Transcranial ultrasound combined with intravenous metformin-loaded oxygenated microbubbles attenuates noise-induced hearing loss in mice

Noise-induced hearing loss (NIHL) involves a biphasic pathophysiology. Intense noise exposure causes immediate cochlear vasoconstriction and ischemia, leading to transient hypoxia. Subsequent reperfusion triggers excess reactive oxygen species (ROS) production, resulting in oxidative stress and hair cell injury. This study therefore developed two oxygenated albumin microbubble (OMB) formulations-ionic-bond metformin-coated (iMet-OMBs) and covalent-bond metformin-encapsulated (cMet-OMBs)-and combined them with transcranial ultrasound (US) to enhance targeted delivery to the cochlea. This approach aims to provide transient oxygen supplementation while simultaneously reducing ROS-mediated injury. Microbubbles were characterized for morphology, oxygen loading, and metformin content.
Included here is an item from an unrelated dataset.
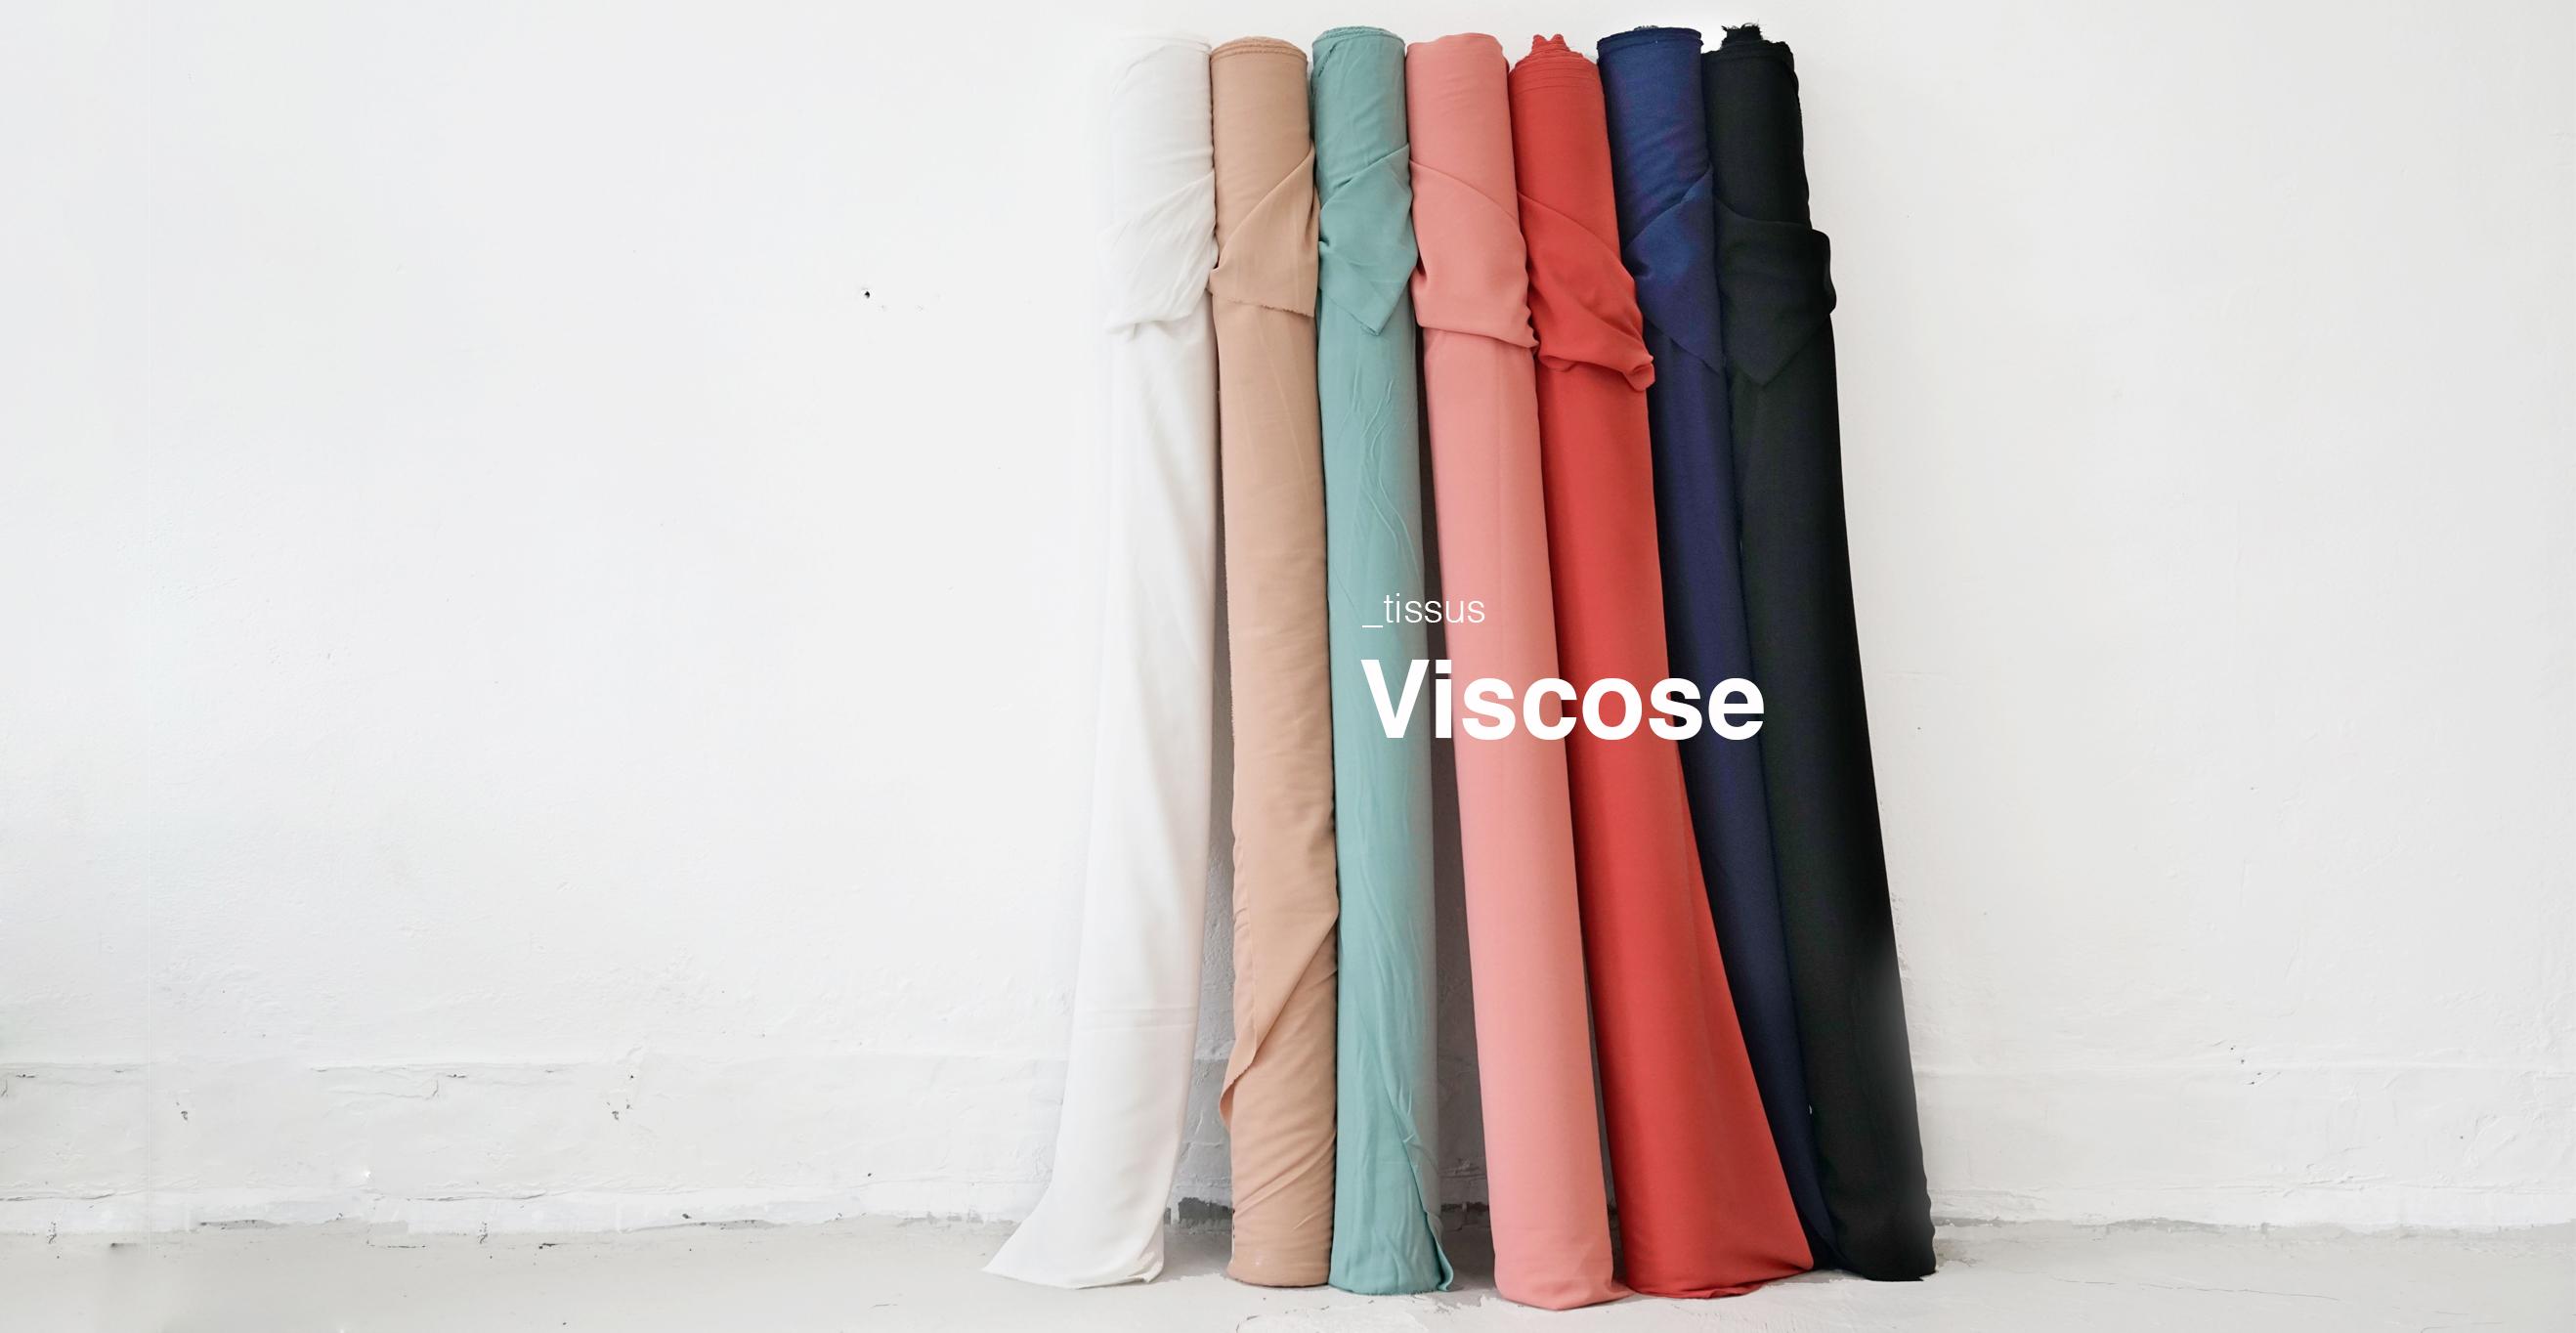 Pretty Blog - blog couture - tissus viscose tout terrain - conseil couture

Based on their superior stability and drug-loading profile, cMet-OMBs were selected for in vivo evaluation. In a mouse NIHL model, animals were administered cMet-OMBs systemically via retro-orbital injection, followed by US triggering over the temporal bone. Auditory brainstem response (ABR) thresholds, cochlear oxygen tension, and outer hair cell (OHC) survival were assessed. US-mediated cMet-OMBs rupture transiently increased intracochlear oxygen tension, counteracting early hypoxia after noise exposure. Metformin released from cMet-OMBs attenuated ROS production through mitochondrial complex I inhibition and antioxidant pathway activation. Mice treated with cMet-OMBs + US showed significantly lower ABR threshold shifts and better OHC preservation compared with controls. This dual-action strategy combines transient oxygen supplementation from OMBs with sustained antioxidant protection from metformin. While oxygen delivery raises intracochlear oxygen tension, metformin suppresses ROS generation through mitochondrial complex I inhibition and AMPK/Nrf2 activation. This controlled, US-triggered release achieves net cochlear protection against NIHL without excessive oxidative burden.